Everything But The Girl: danse et mélancolie

 

Il y a bien longtemps que je n’ai pas embrassé une bouche avec une haleine de cigarette froide. Il ne reste qu’une sensation pour me rappeler ma jeunesse: l’odeur du CK One. Il suffit que quelqu’un rentre dans une rame de métro (plus souvent de tram ces jours-ci) en portant le parfum cheap de Calvin Klein pour que je me retrouve transporté dans l’Angleterre fantasmée de mes 14 ans. Ces sensations sont souvent associées à un morceau, que je fredonne facilement:  Missing, la ritournelle d’Everything But The Girl.

Comme beaucoup de gens de mon âge, j’ai découvert ce morceau avec le clip puis le remix de Todd Terry (et la version “chopped & screwed” de la même vidéo). J’avais été touché par l’aspect rachitique des musiciens, auquel je m’identifiais peut-être. Je me suis procuré l’album suivant, Walking Wounded, dont la teneur musicale me ferait sûrement sauter au plafond si je la découvrais aujourd’hui. Mais j’ai fini par comprendre ce qui m’y plaisait et fascinait tant. C’était cette façon d’attaquer la club music par un versant extrêmement déprimé.
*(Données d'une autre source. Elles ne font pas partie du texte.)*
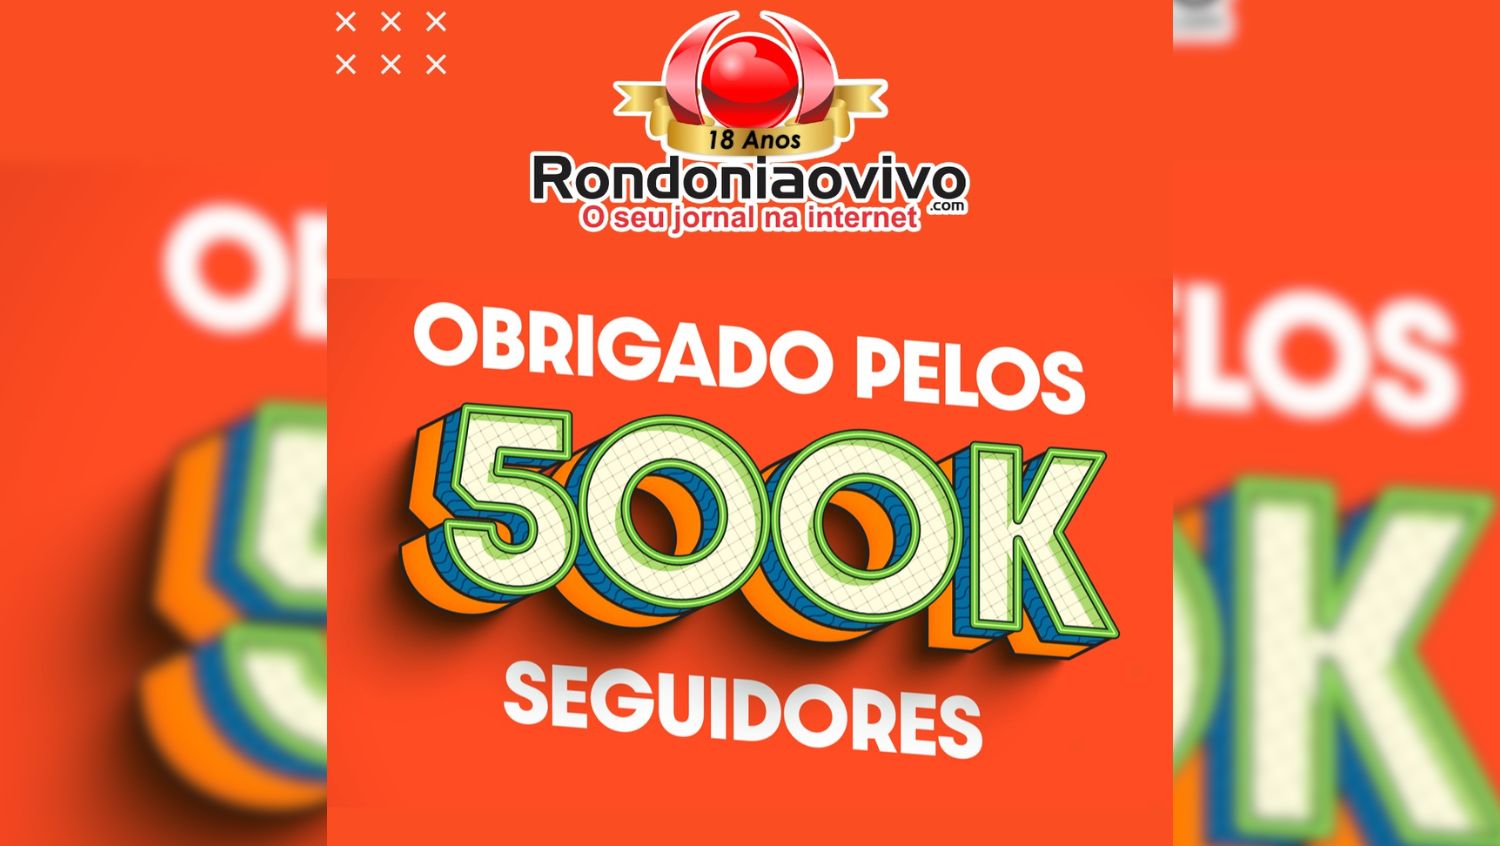 CRESCIMENTO: Rondoniaovivo ultrapassa 500 mil seguidores no Facebook

Cette voix pas si loin de celle de Morrissey chantait sur des beats jungle, des orgues crevés, et des gimmicks mollassons de house music (que je ne connaissais pas encore).  L’approche de ce groupe a façonné ma vision de la musique électronique et peu à peu de la fête, de la nuit et de tous les procédés de décompensation.

 

J’ai recherché ce bleu à l’âme synthétique quand j’ai commencé à sortir en club à Paris. Ces pièces sombres ressemblaient souvent à une salle d’attente un peu cauchemardesque. Je ressentais toujours une profonde mélancolie à voir les corps suer, attendre désespérément que quelque chose se passe, comme les deux musiciens d’Everything But The Girl en quelque sorte. La musique que passaient les dj’s dans les clubs où je suis sorti au début des années 2000 n’était jamais triste. Il fallait être joyeux, faire monter les substances. Mais moi c’était le punk hardcore qui me rendait heureux, j’avais envie de me ramollir et penser à la mort en écoutant de la dance music. Quelques années plus tard, j’ai découvert Burial et Zomby, une musique sombre et vaporeuse, basse, breakée. C’était parfait. Mon idéal était atteint. Un soir, en sortant de club et d’une énième déception de mon coeur mélancolique sur une piste de danse, je suis monté dans un taxi. La radio a crachotté doucement Missing. Je n’avais pas pensé à ce groupe depuis très longtemps.